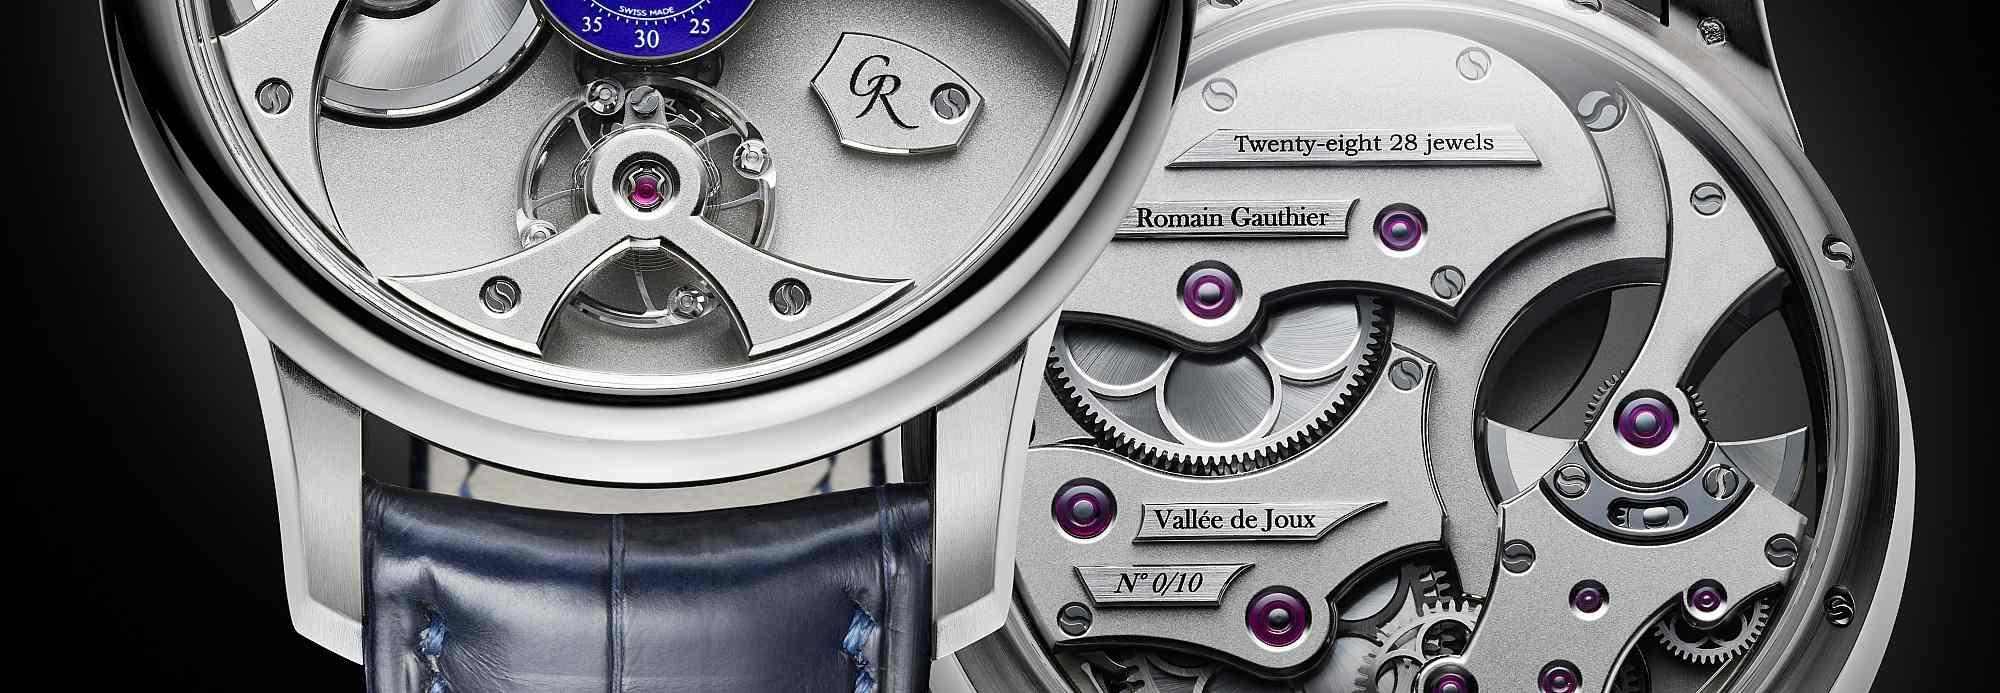 Romain_Gauthier_Insight_Micro-Rotor_platinum_6_blue_enamel_dial
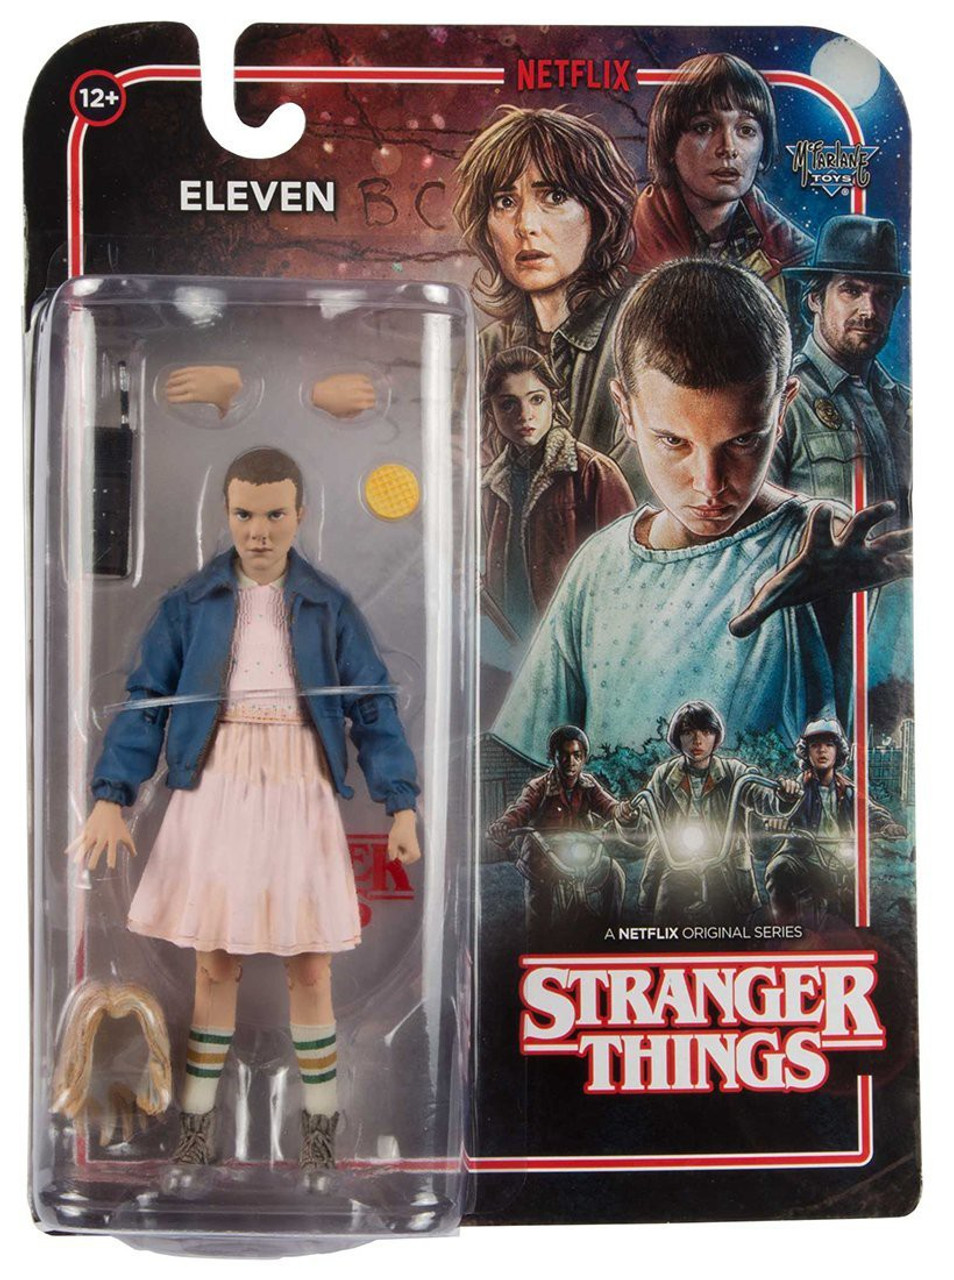 2017 McFarlane NETFLIX Stranger Things Series 1 LUCAS Action Figure
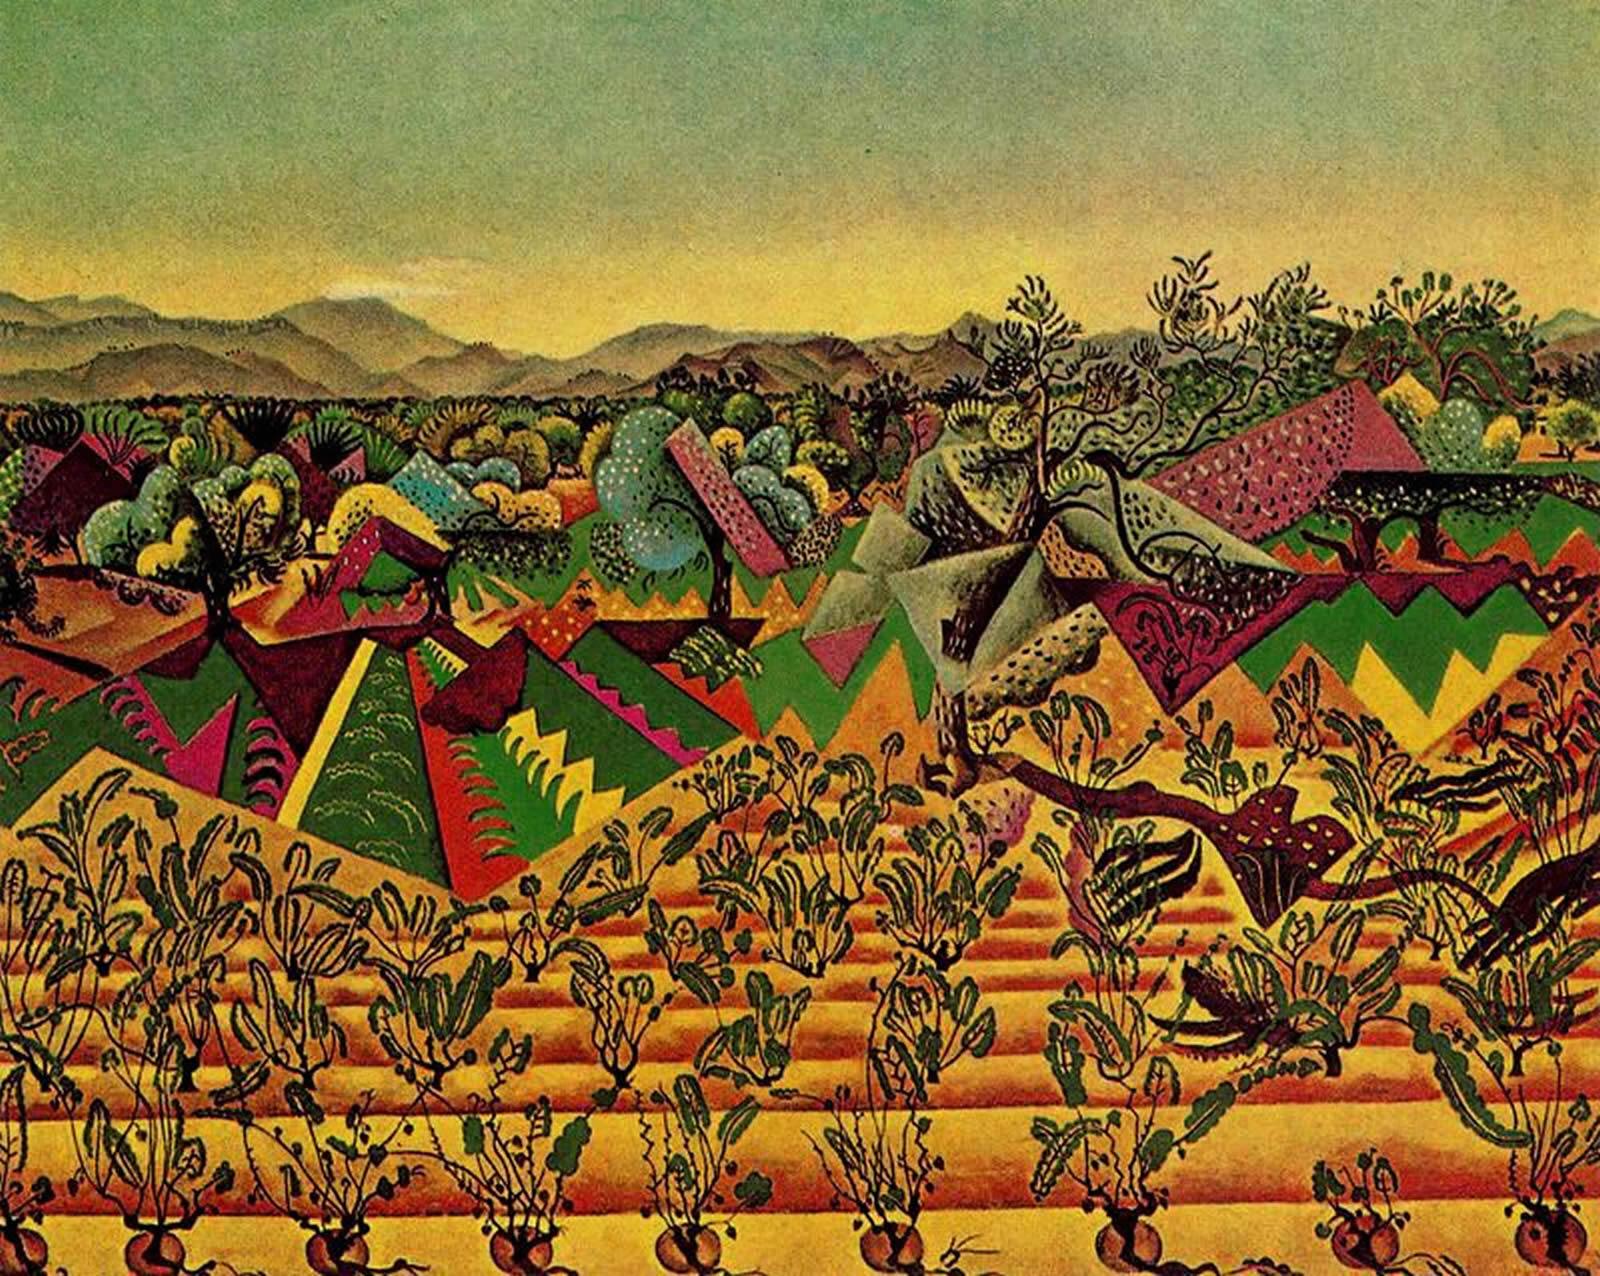 Olive Grove In Montroig - Joan Miro Wallpaper Image
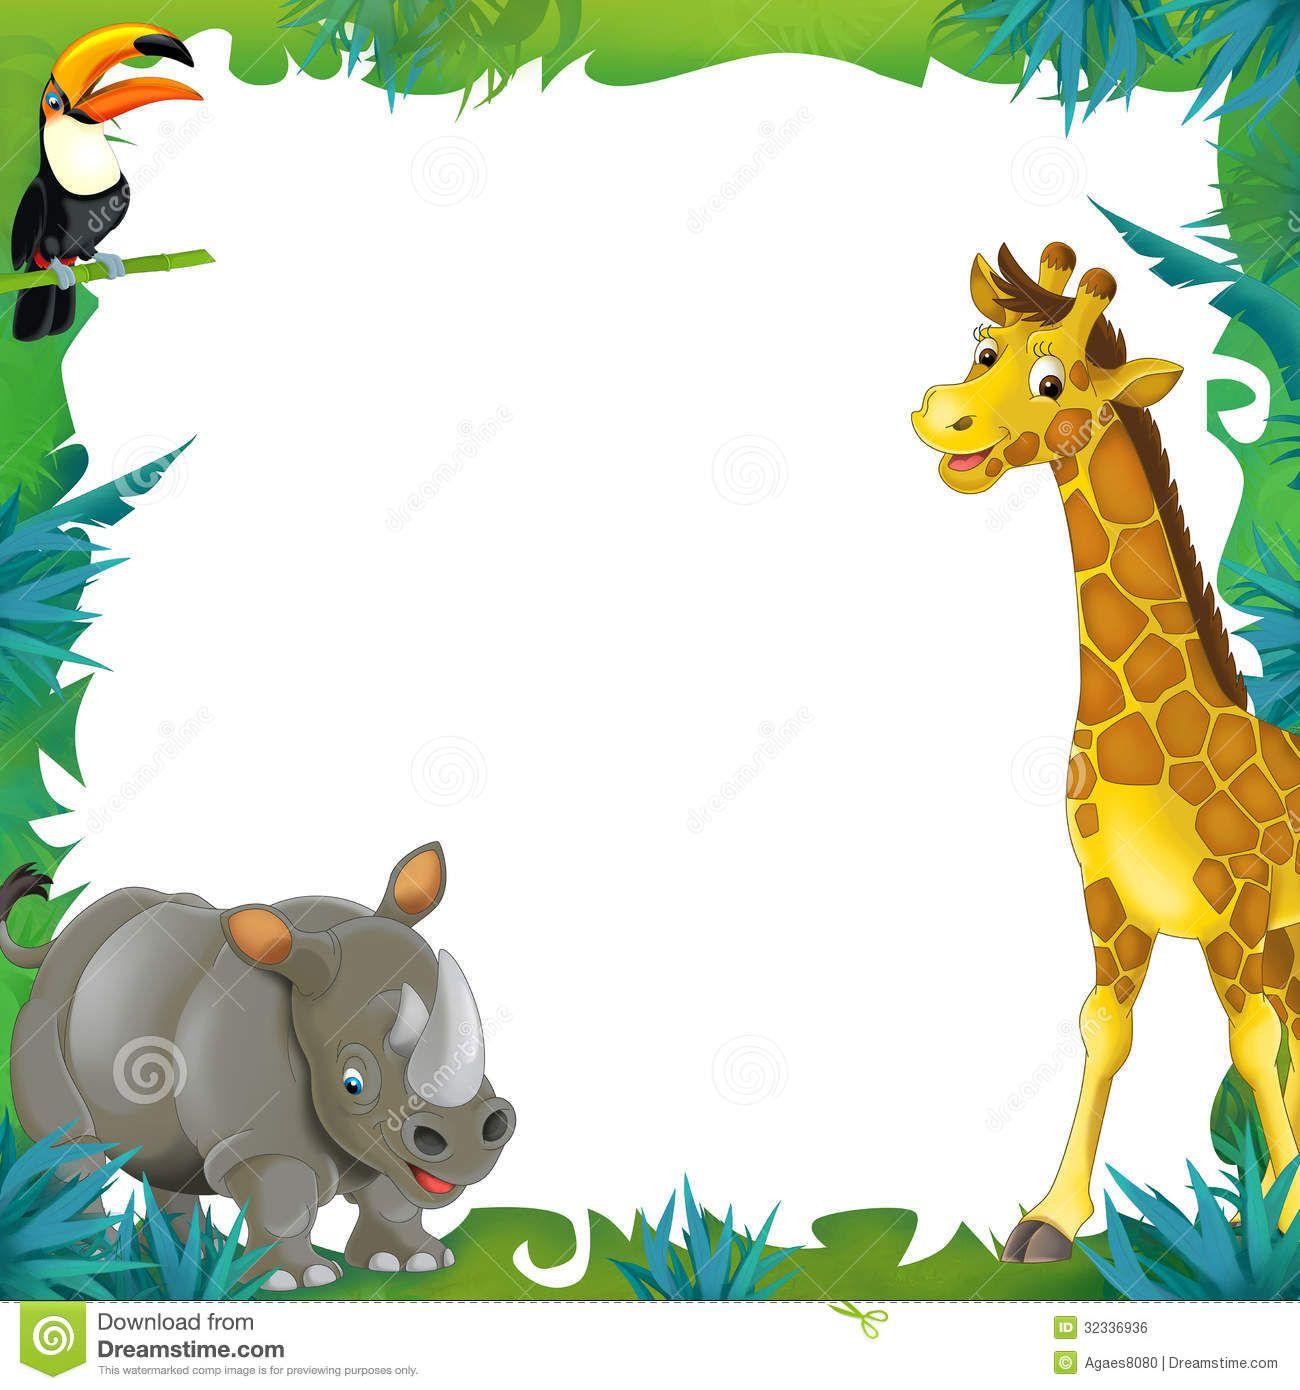 Cartoon Safari - Jungle - Frame Border Template ...

▸ **Task objective**
Would you restate word for word only the lines from the line with "2017 McFarlane NETFLIX" to the last line above, with the pictures left out?

▸ **Response to this exercise**
 2017 McFarlane NETFLIX Stranger Things Series 1 LUCAS Action Figure
 Olive Grove In Montroig - Joan Miro Wallpaper Image
 Cartoon Safari - Jungle - Frame Border Template ...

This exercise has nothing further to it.